The last few weeks saw San Diego Mayor Sander veto a critical water recycling project that would provide a safe, municipally-owned source of water for the region, the Coastal Commission approve a desalination project that will continue a legacy a coastal destruction and exacerbate global warming, and the San Diego City Council move ahead with plans to apply for an exemption from federally-mandated secondary treatment standards for our Point Loma Wastewater Treatment facility. All-in-all, a bad month for our coast and a telling statement about the state of our leadership that still opts forthe easy way out rather than making difficult choices that are in the best long-term interest of our region.

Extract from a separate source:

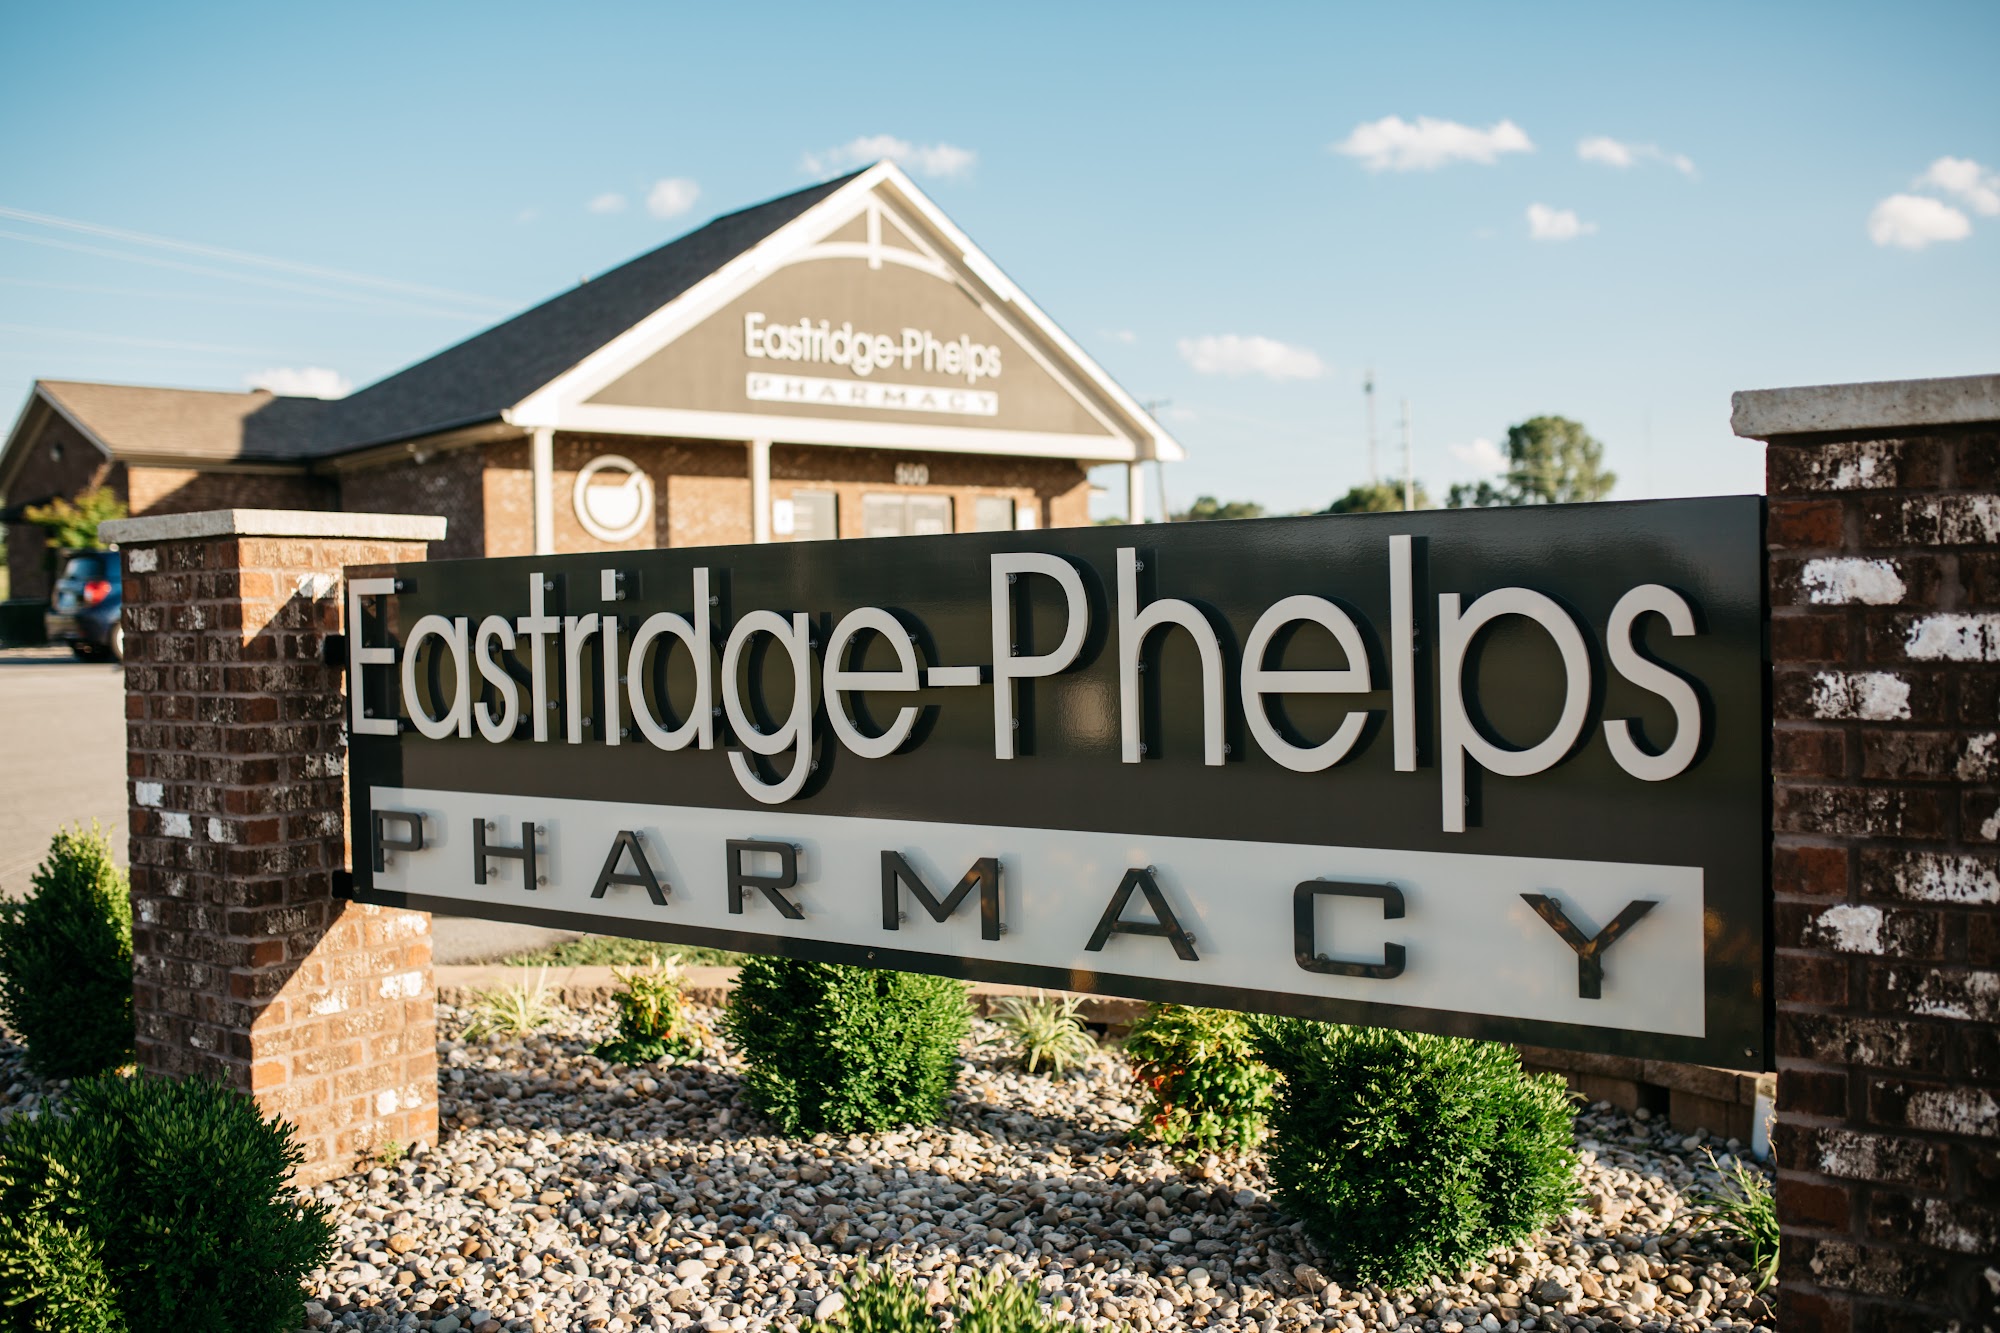 Eastridge-Phelps Pharmacy Campbellsville

Before I go on the offensive against our elected and agency officials and community leaders who have been reeled in hook-line-and-sinker by false promises — if not outright lies about desalination — it is important to first take a moment for self-reflection. The environmental community, with its limited resources, came to this battle late and we have not yet been able to recover against a Poseidon Resources campaign that several Coastal Commissioners and elected officials have called the most organized they have ever seen. That does not mean our concerns are not valid, nor does it render incorrect our conclusion that the proposed Carlsbad Desalination Plant (CDP) is a boondoggle that will have significant impacts on our local environment — only that we have not yet articulated our opposition clearly enough to the public, and not quickly enough to key decision-makers.

This admission does not absolve agency and elected officials of their responsibility to follow the laws they are sworn to uphold, and to provide leadership in pursuing policies that are in the best interest of the region, even at times against well-organized opposition. While we may have come late to the game, the environmental community did in fact put together what should have been a compelling case against the CDP, which was presented to these officials prior to and at the Coastal Commission hearing.

That our agency and elected representatives chose to ignore valid and significant concerns laid out by the environmental community and the Coastal Commission staff and instead put us on a dangerous path for our region falls squarely on their shoulders.

My following posts will hopefully clearly and succinctly outline why we are opposed to the CDP, what better options are available to develop local, drought-proof water supplies, and why we are disappointed in many of our decision-makers who have chosen convenience over thoughtfulness, promises over facts, and short-term gain over long-term protection.